An existing plastic electrofusion saddle-shaped pipe fitting cambered surface wiring machine is novel saddle-shaped straight-through pipe fitting wiring equipment disclosed in 2018, 5 and 4 days, and comprises the following processing steps: firstly, a milling tool is driven by a six-axis industrial robot to mill the saddle surface of the saddle-shaped pipe fitting, and then the robot drives a wiring cutter to carry out wiring, so that the method is completed. The device still suffers from the following disadvantages:

1. the six-axis industrial robot is adopted for processing, so that the equipment cost is high, the early investment cost of enterprises is high, and the operation risk of the enterprises is increased;

2. the milling and wiring process requires a robot to adopt a quick-change device to change a cutter, so that the machining precision is difficult to ensure, and the machining cannot be finished at one time, so that the machining efficiency is lower.

Disclosure of Invention

In order to solve the problems in the prior art, the invention provides an electric melting saddle-shaped pipe fitting cambered surface wiring machine and a processing method. The equipment cost of the arc surface wiring machine for the electrofusion saddle-shaped pipe fitting is lower, so that the early investment of enterprises is reduced, and the processing efficiency is higher.
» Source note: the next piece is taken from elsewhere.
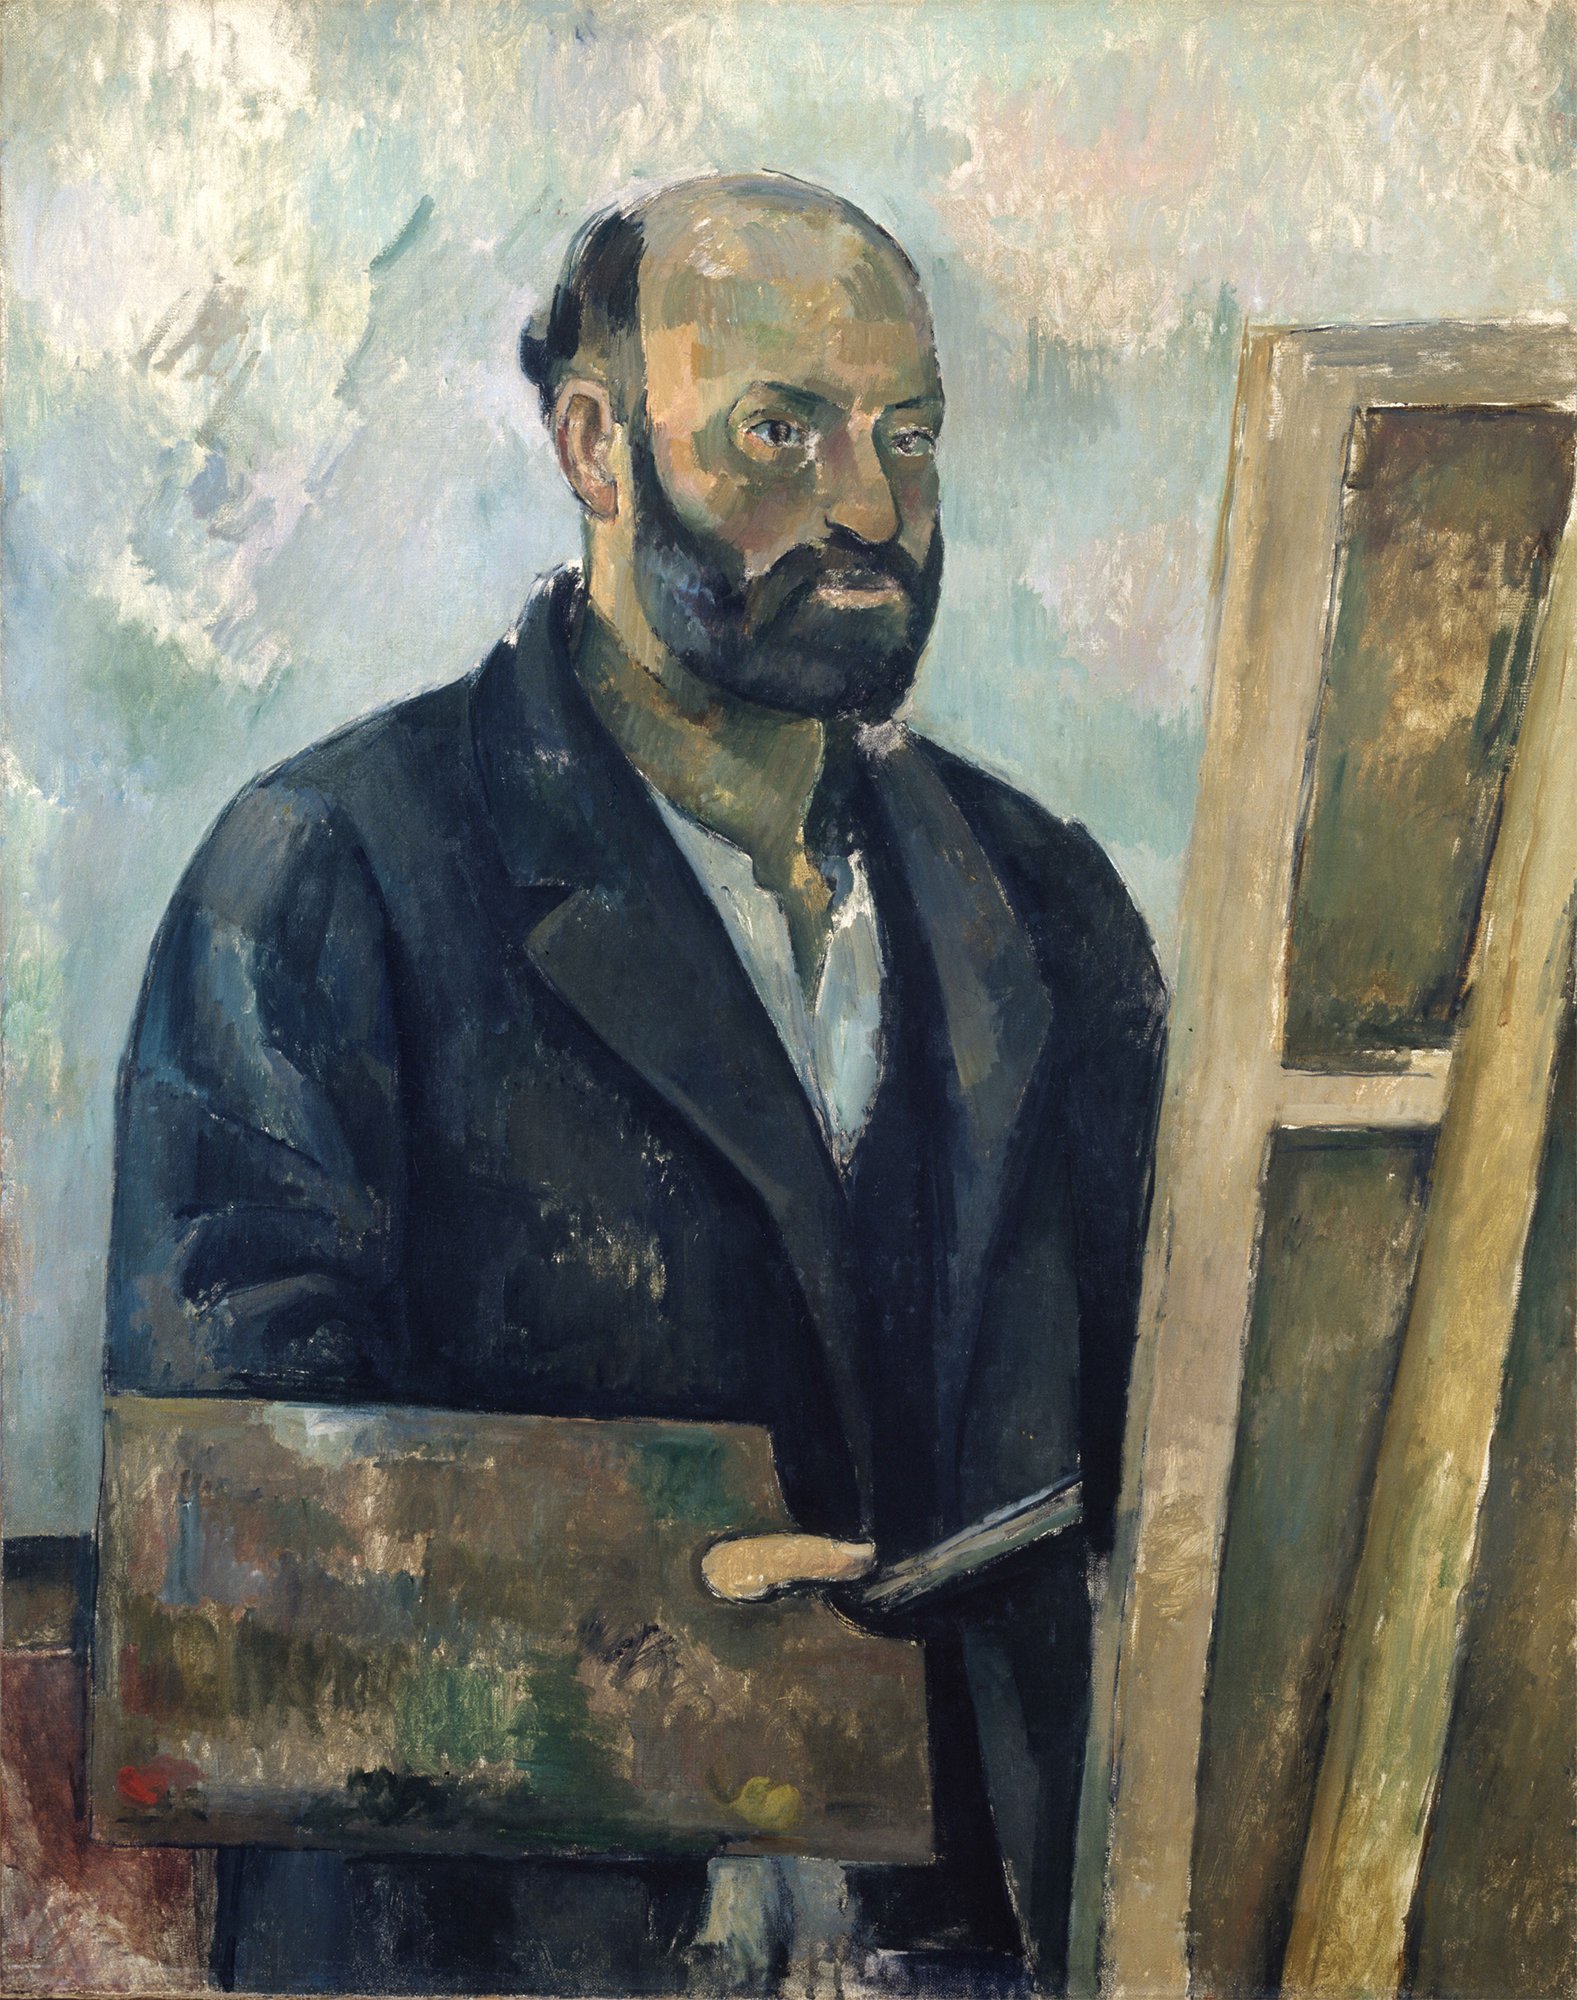 Abbildung des Werks "Selbstbildnis mit Palette" des Künstlers Paul Cézanne, das in der Ausstellung "Cézanne Metamorphosen" vom 28. Oktober 2017 bis 11. Februar 2018 in der Staatlichen Kunsthalle Karlsruhe zu sehen war.

The technical scheme adopted by the invention is as follows:

the utility model provides an electric smelting saddle pipe fitting cambered surface wiring machine, includes base, Y axle moving mechanism, A axle rotary mechanism, C axle rotary mechanism and CNC numerical control system, install X axle moving mechanism, Z axle moving mechanism and milling mechanism on the base, X axle moving mechanism and milling mechanism locate Z axle moving mechanism's both sides respectively.

The axis of the C-axis rotating mechanism is parallel to the X-axis, the C-axis rotating mechanism is slidably mounted on the Z-axis moving mechanism, and a tool is mounted on an output shaft of the C-axis rotating mechanism.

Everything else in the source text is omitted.